Your instructions -
The expected output is an exact copy of the lines from the one containing "6 in 1 Fish Tank Scrubber Brush" to the final line below, minus any pictures.

Data excerpts

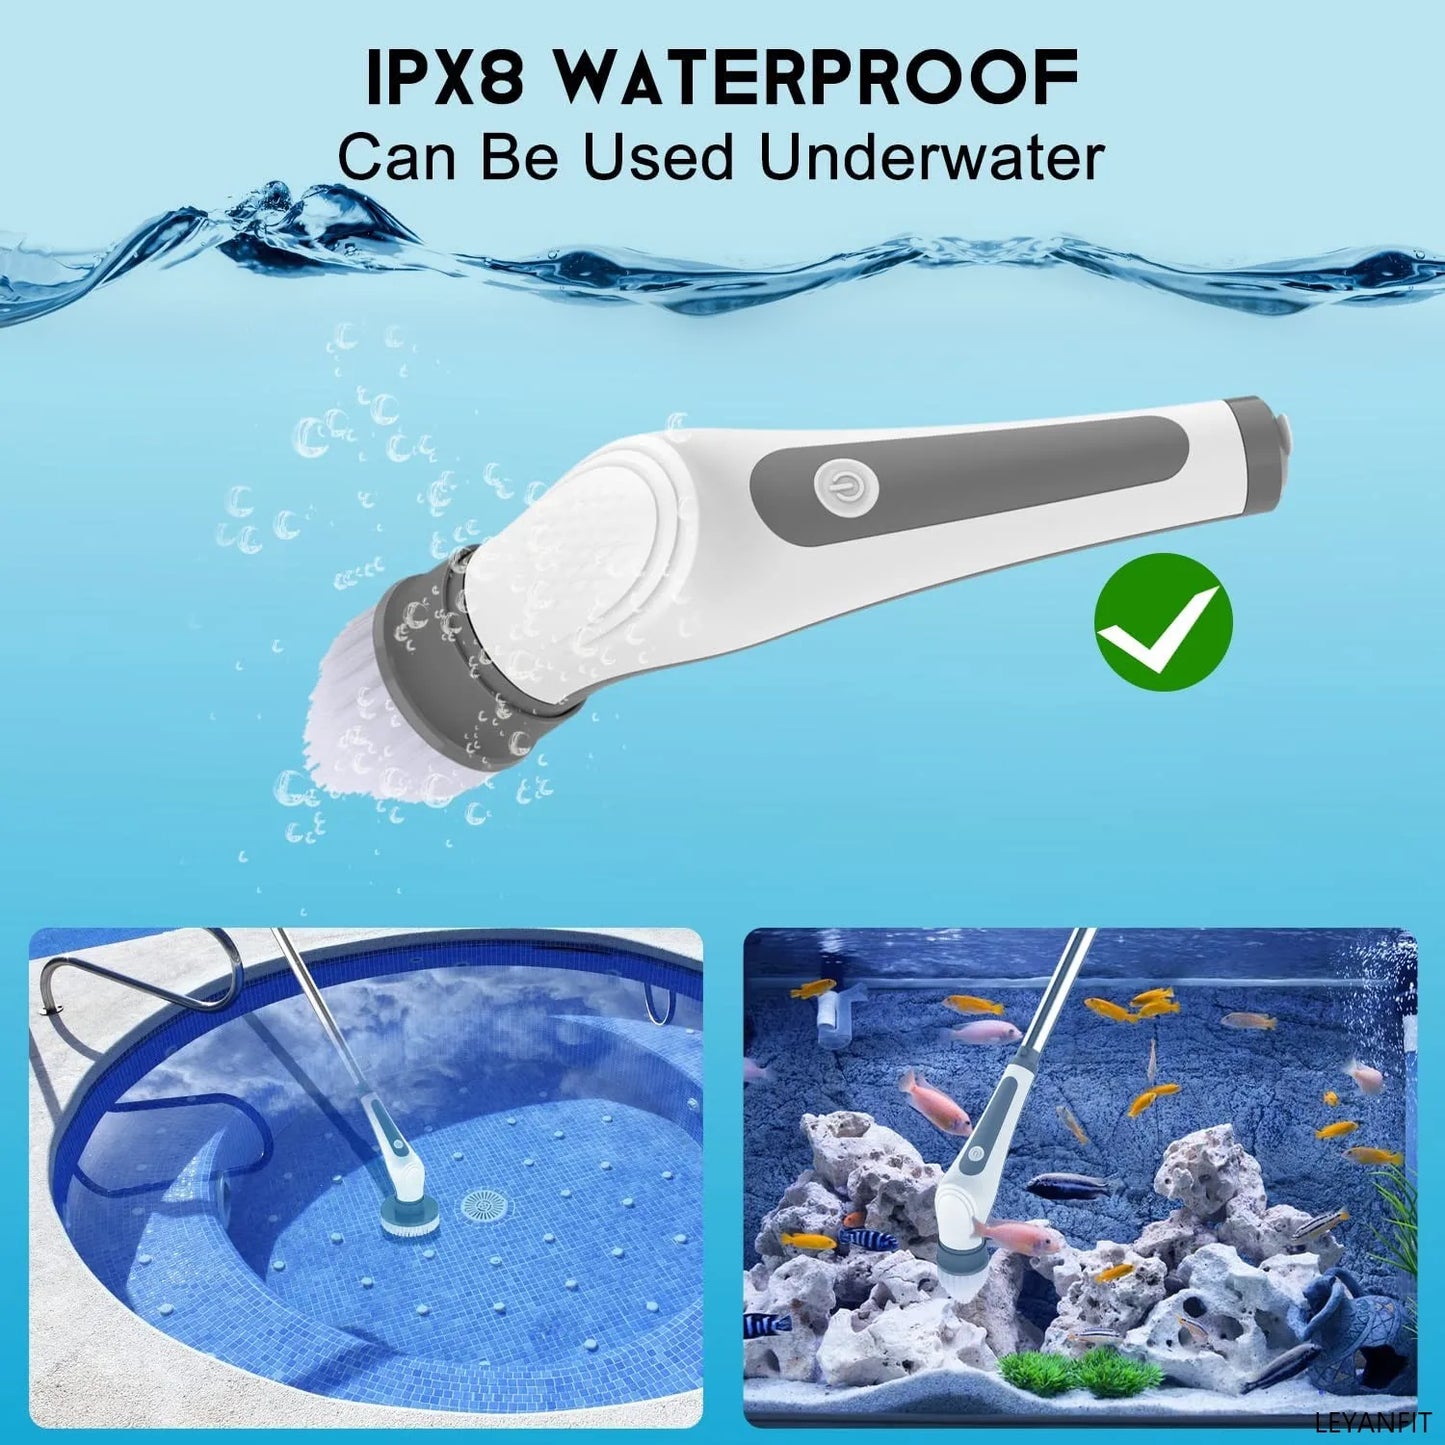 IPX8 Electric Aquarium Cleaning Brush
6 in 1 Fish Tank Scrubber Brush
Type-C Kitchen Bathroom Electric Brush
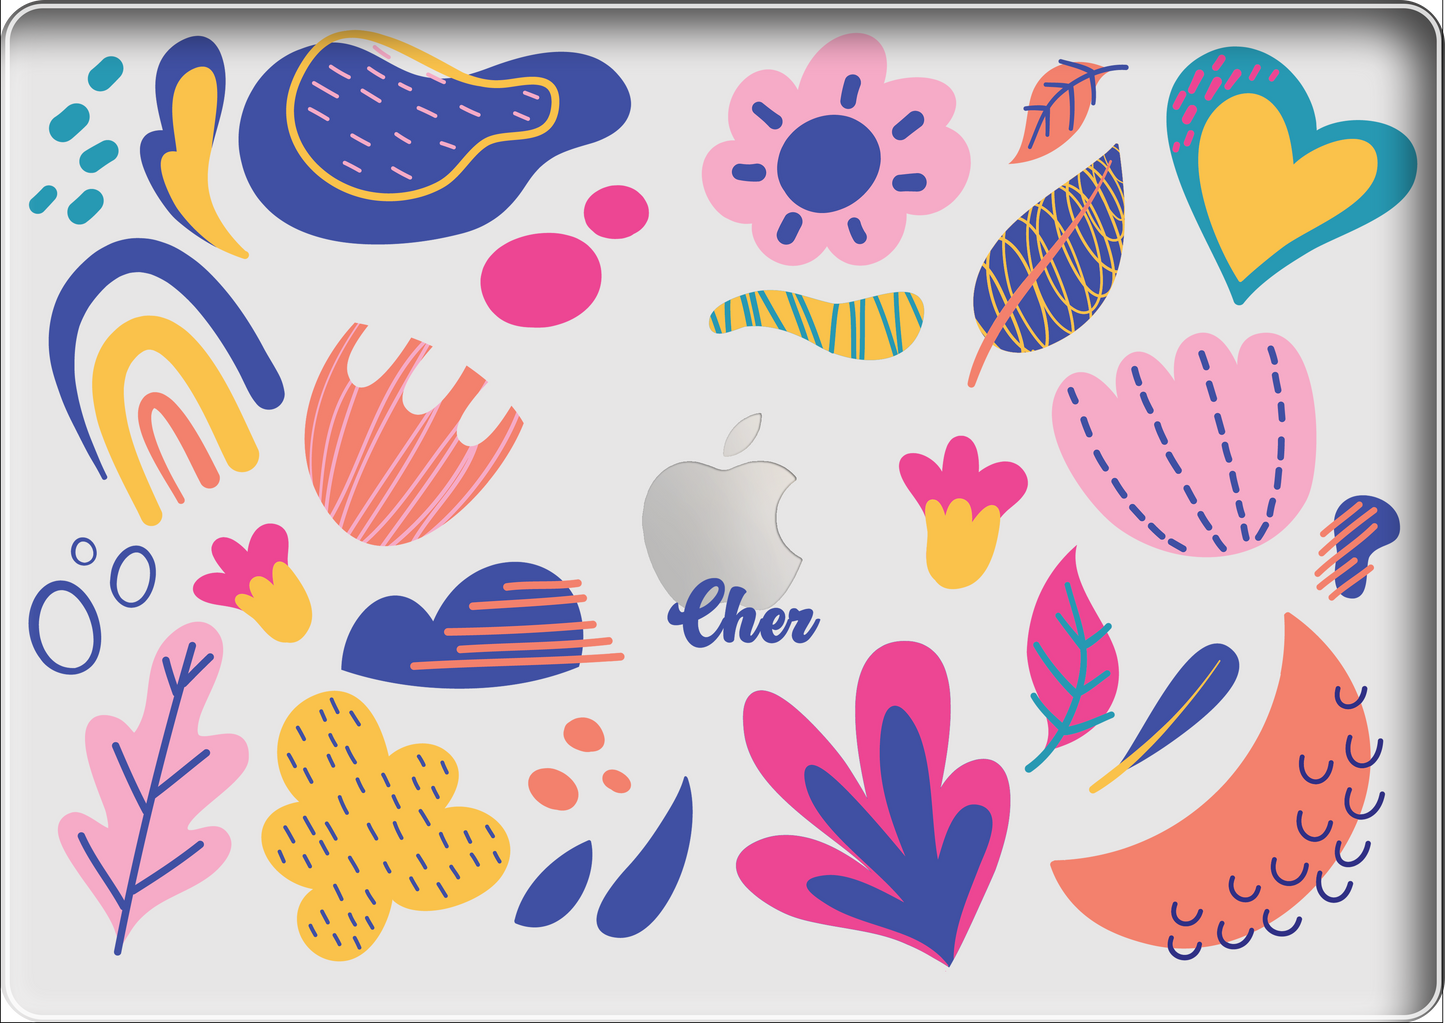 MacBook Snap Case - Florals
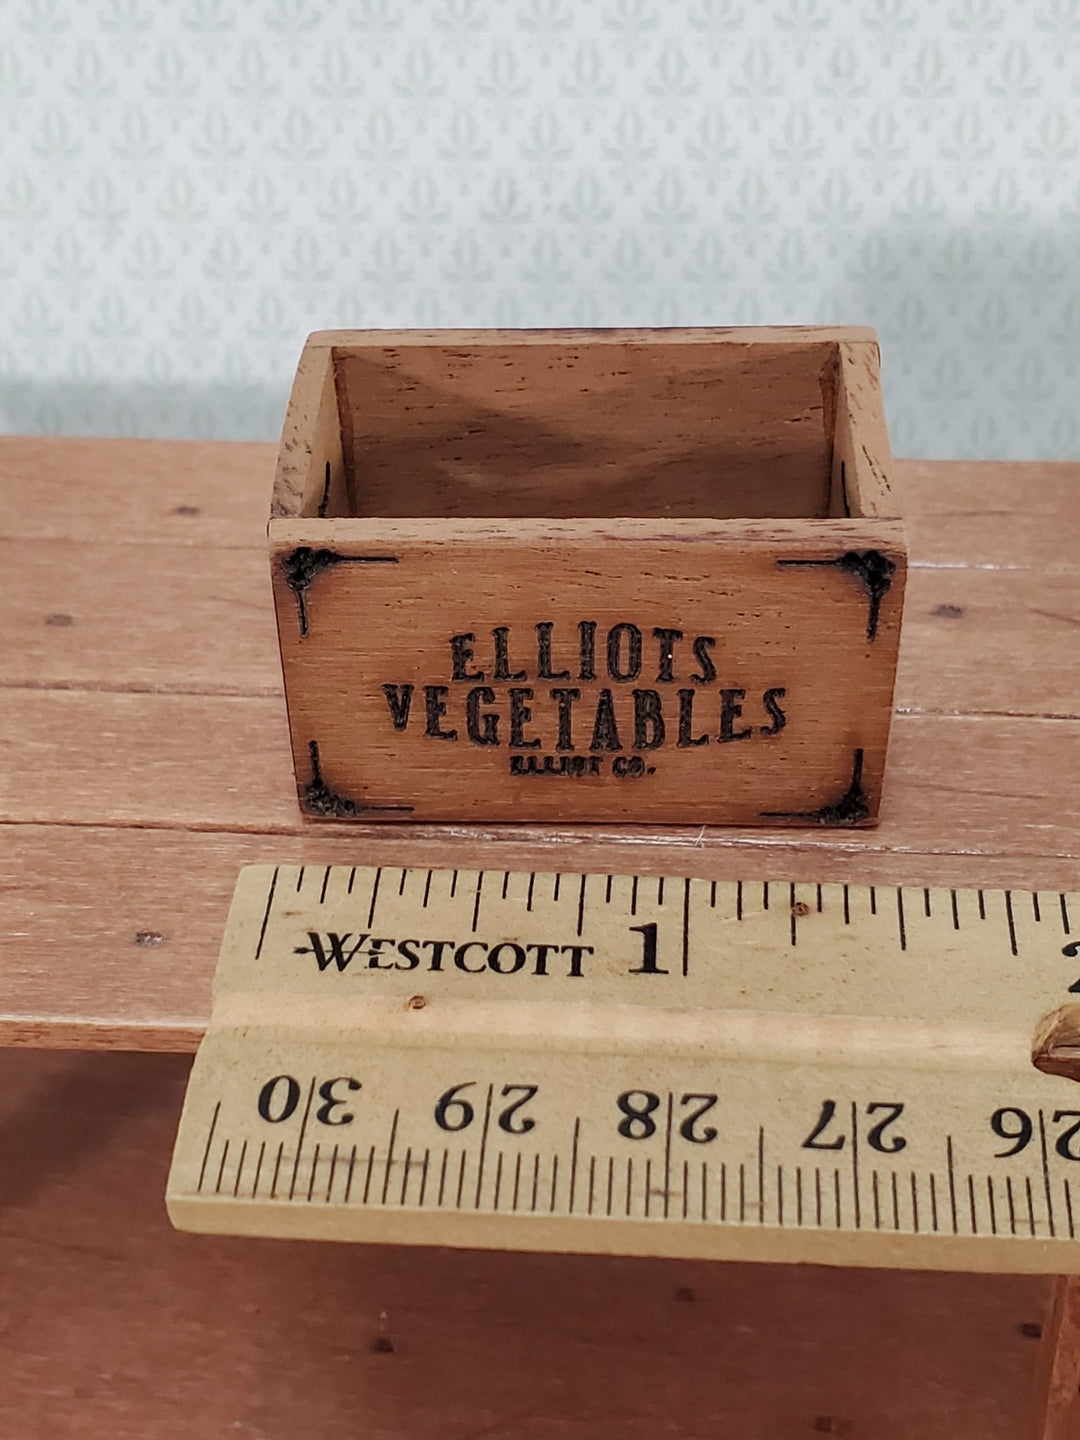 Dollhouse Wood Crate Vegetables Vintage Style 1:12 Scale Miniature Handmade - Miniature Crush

Output for this exercise -
6 in 1 Fish Tank Scrubber Brush
Type-C Kitchen Bathroom Electric Brush
 MacBook Snap Case - Florals
 Dollhouse Wood Crate Vegetables Vintage Style 1:12 Scale Miniature Handmade - Miniature Crush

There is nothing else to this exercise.